The standard to measure the value of commercial banks is multi-dimensional. It includes measures of the stock value, social value, enterprise value and human capital value. Value management of commercial banks seeks to unify and balance all aspects in the operational process in a relatively stable system which can achieve sustainable growth. This article looks at the role of performance, capital, risk, market and human capital management for the value management of commercial banks.
Performance management plays an important role in the value management of commercial banks
The function of performance management of commercial banks can be divided into three levels. The first is the regulatory performance evaluation system. Through qualitative and quantitative analysis of the financial statements of the bank in the previous year or the base period, the bank regulatory authority conducts guidance and management evaluation of the operational behavior of the bank in the next year or the base period, such as the performance evaluation system issued by the Ministry of Finance or the China Banking Regulatory Commission. Second, the performance evaluation system of intermediary institutions, such as banking unions, financial authorities, professional evaluation institutions (such as Moody's, Standard & Poor's and other rating agencies) and reputable investment institutions based on the information provided by banks or publicly disclosed. The third is the performance evaluation system of commercial banks, which is a performance evaluation system established by the board of directors of commercial banks to direct the operational management, or by the superior banks to the subordinate banks of commercial banks. Although the initiators and positioning of performance management at these three levels are different, they all play an important role in improving the operation and management of the commercial bank by controlling risks and enabling improvements in value creation.

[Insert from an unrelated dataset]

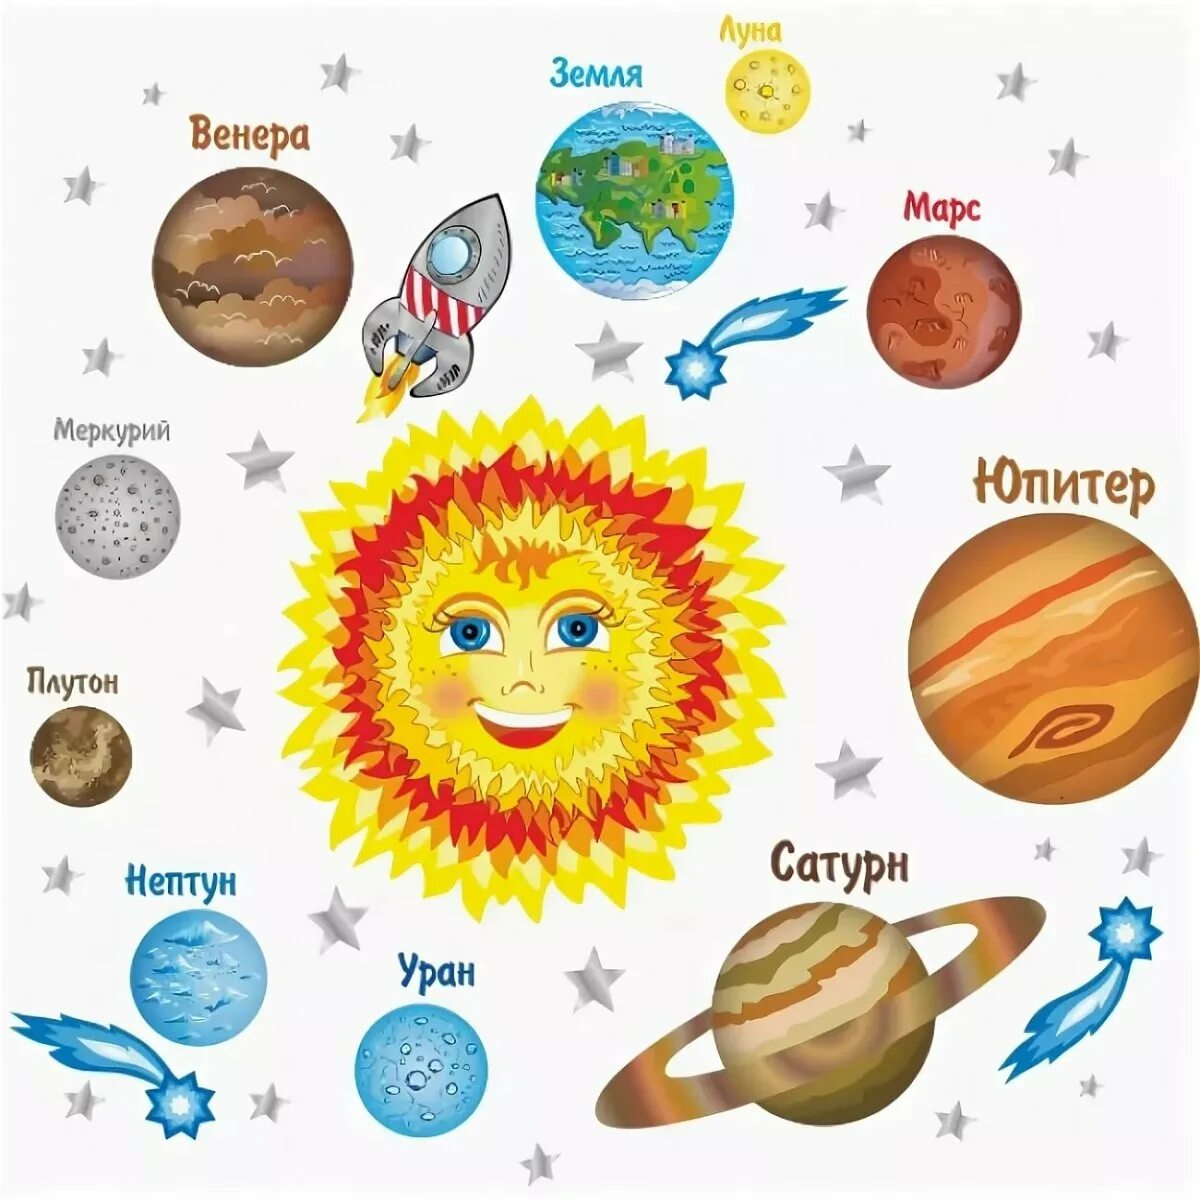 Планеты картинки для детей дошкольного возраста. Солнечная система рисунок с названиями планет для детей. Солнечная система для дет. С12нечная система 32я 3етей. Планеты Солнечная системы д я детей.

Capital management plays an important role in value management of commercial banks
Bank capital can be divided into book capital, regulatory capital, and economic capital. Book capital is the total amount of capital actually paid to the bank as registered capital, which is contributed by shareholders. It includes not only the capital actually paid once or for many times, but also the capital reserve and excess reserves formed by the bank's profits, as well as the balance of all kinds of debts to supplement the source of capital borne by shareholders. Capital management is crucial to bank value management. From the perspective of the role of book capital management, banks must have a certain amount of capital to carry out business activities. To start a commercial bank you must first have adequate capital, only in this way, can the bank dilute and compensate for the risks that depositors may encounter. Adequate capital is also needed to strengthen the ability of bank to manage risks and returns by establishing the proper management mechanisms and to balance of the interests of shareholders and managers.

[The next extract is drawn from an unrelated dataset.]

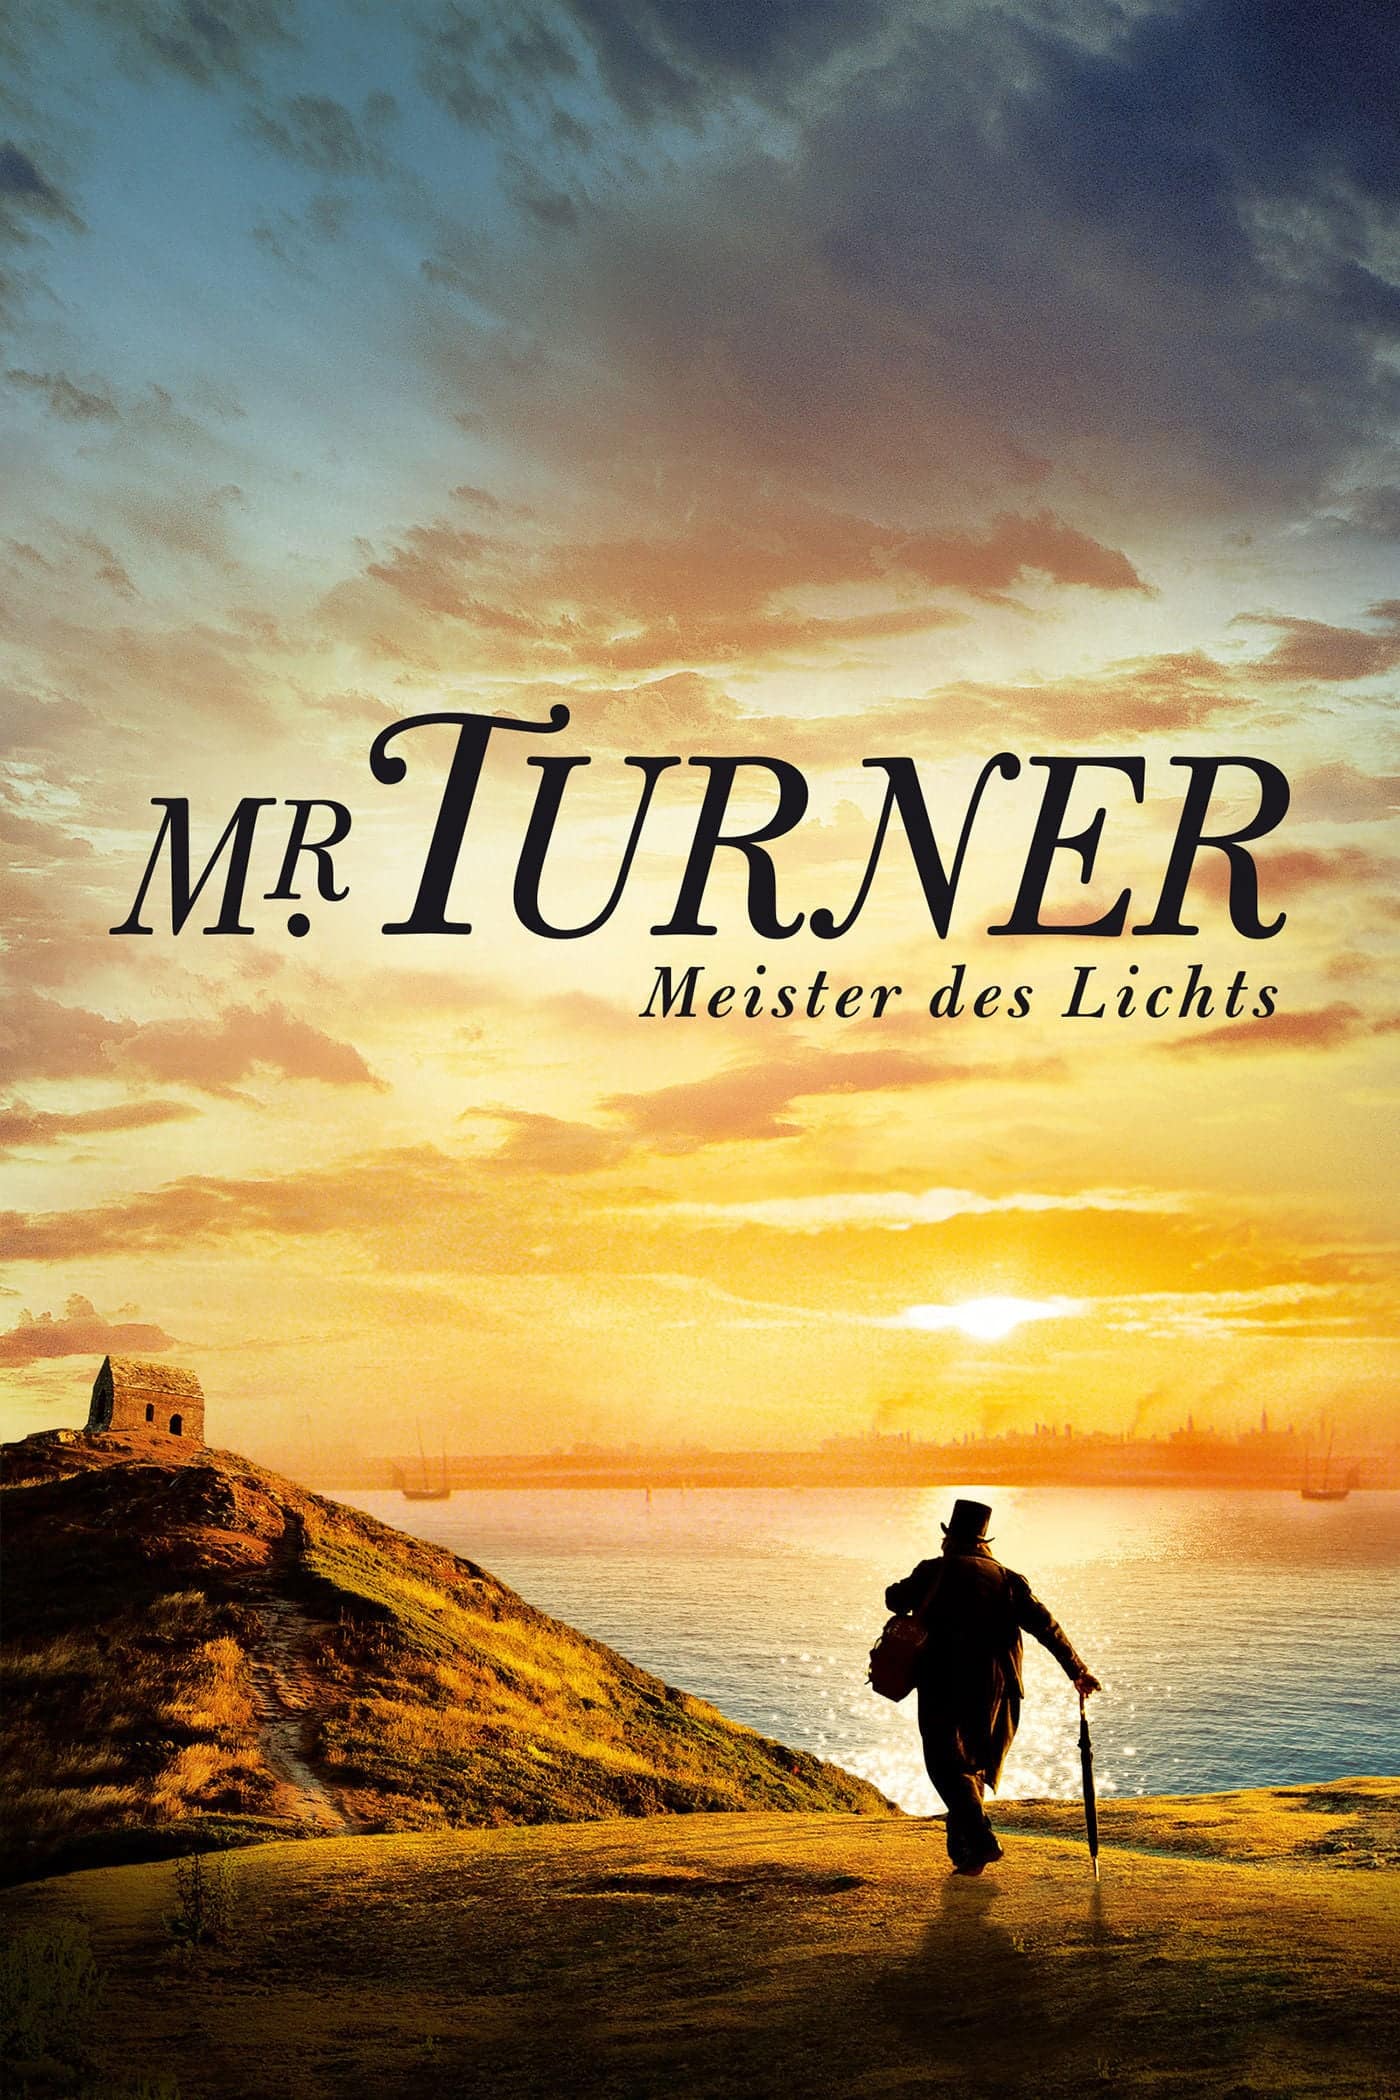 Plakat von "Mr. Turner - Meister des Lichts"

Regulatory capital is the minimum standard required by bank regulators for the amount (rate) of capital occupied by each type of business in the business activities of commercial banks, including the amount (rate) of capital occupied by a single business and the total amount of capital occupied. Regulatory capital is the standard regulatory requirement of capital adequacy which aims to put all commercial banks on a fair playing field with adjustments for the individual bank risk profiles, profitability and rate of return and so forth. Capital supervision is needed, not only for regulatory compliance, but also so investors and society can get a fair and clear picture of the each bank. The establishment of the capital supervision system of China's commercial banks is implemented as part of the commercial bank reform and development process. An important step in this process was recognizing and joining the Basel Accord and accepting its supervision standards for commercial banks.
Economic capital is derived from the capital accounting method and is established internally by commercial banks to decompose regulatory capital requirements into each business segment and responsible position in their own business activities. Economic capital management also plays an important role in the value management of commercial banks, reflecting the requirement of capital conservation. In other words, according to the risk weight and operational capital standard set by the regulatory capital, the operational capital standard is set for its own asset business and other risk businesses in accordance with regulations to simulate the total amount of operational capital, which is stricter, more systematic, and more detailed than the regulatory capital standard. On this basis, the economic capital budget plan is formulated and implemented through the plan, which is highly consistent with the expected direction of book capital and regulatory capital and forms a coordinated development goal.